Authors' results and conclusions:
Ivacaftor/tezacaftor/elexacaftor is indicated in a combination regimen with ivacaftor 150 mg tablets for the treatment of cystic fibrosis (CF) in patients aged 12 years and older who are homozygous for the F508del mutation in the cystic fibrosis transmembrane conductance regulator (CFTR) gene. The benefit assessment of ivacaftor/tezacaftor/elexacaftor plus ivacaftor is based on the pivotal study VX17-445-103, a randomized, controlled, double-blind phase III trial investigating the efficacy and safety of 4 weeks of treatment with IVA/TEZ/ELX plus IVA compared to TEZ/IVA plus IVA in CF, double-blind Phase III study evaluating the efficacy and safety of 4 weeks of treatment with IVA/TEZ/ELX plus IVA compared to TEZ/IVA plus IVA in CF patients 12 years of age and older who are homozygous for the F508del mutation in the CFTR gene. Randomization was performed in a 1:1 ratio, stratified by baseline FEV1% (< 70 vs. ≥ 70%) and age at screening (< 18 vs. ≥ 18 years).
A total of 107 study participants ≥ 12 years of age were analyzed in the study arm with triple therapy or in the control arm with TEZ/IVA, depending on the randomization sequence. The FEV1% had to be between ≥ 40 and ≤ 90% at the screening visit. This inclusion criterion was not fully met, as approximately 11% of subjects in the intervention arm and 8% in the control arm had an FEV1% below 40% at baseline.

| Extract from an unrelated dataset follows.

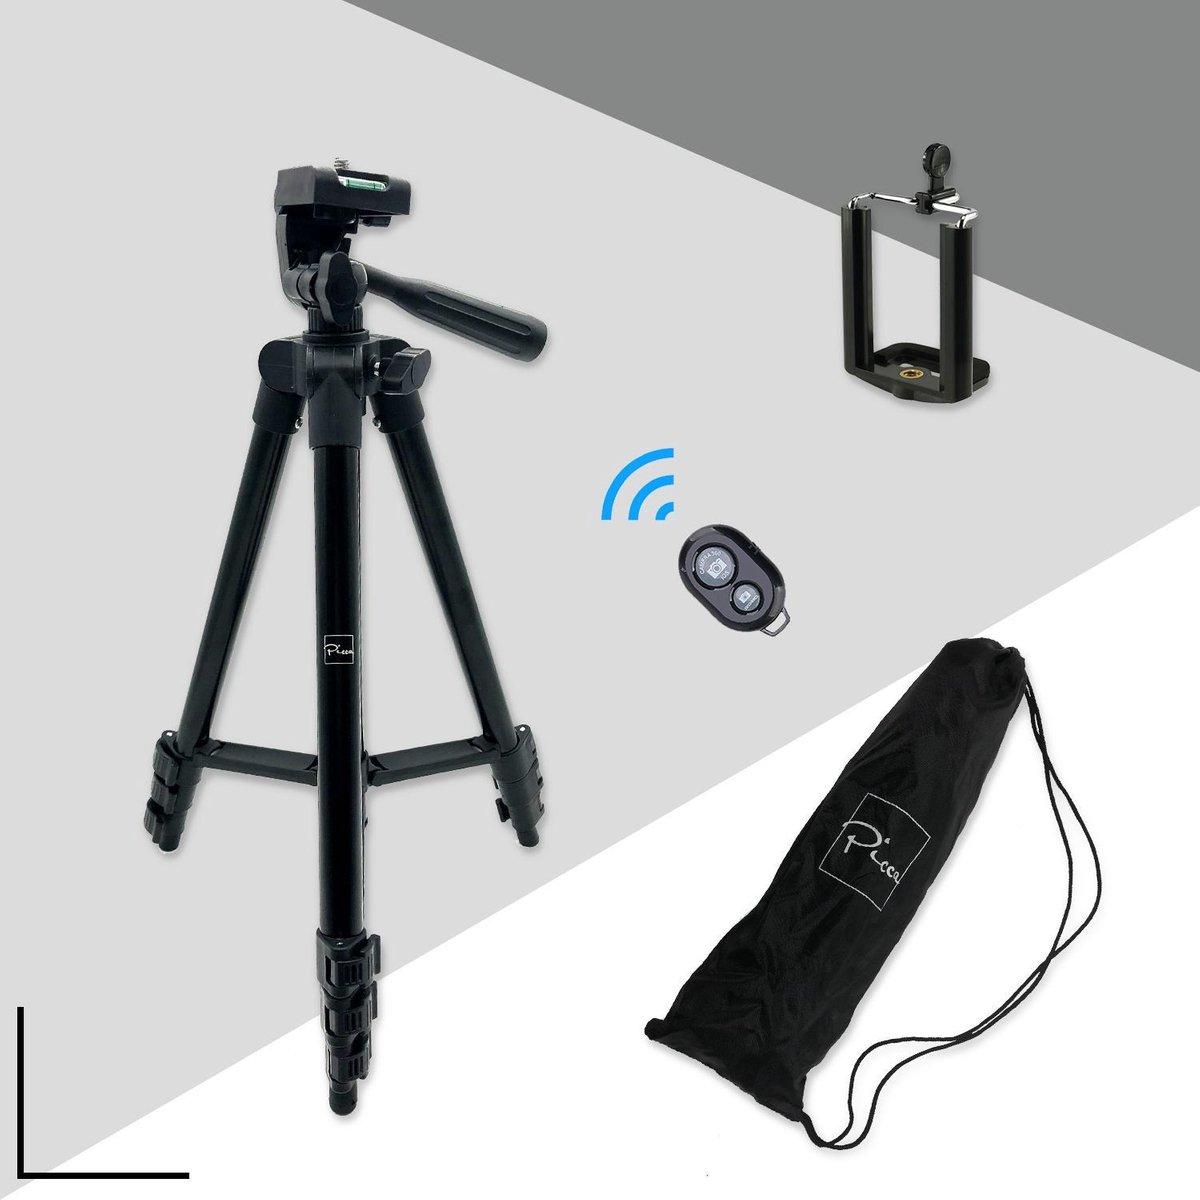 Picca Camera statief  voor spiegelreflexcamera en telefoon – 102 cm

The study consisted of a 28-day screening period, a 28-day run-in period, a 4-week treatment period, and a 28-day safety follow-up.
The primary endpoint was defined as the absolute change in FEV1% (one-second capacity) from baseline to week 4. Endpoints used in the benefit assessment were "deaths", "pulmonary exacerbations", "symptomatology measured by the symptom domains of the CFQ-R", "health-related quality of life (CFQ-R)" and "adverse events".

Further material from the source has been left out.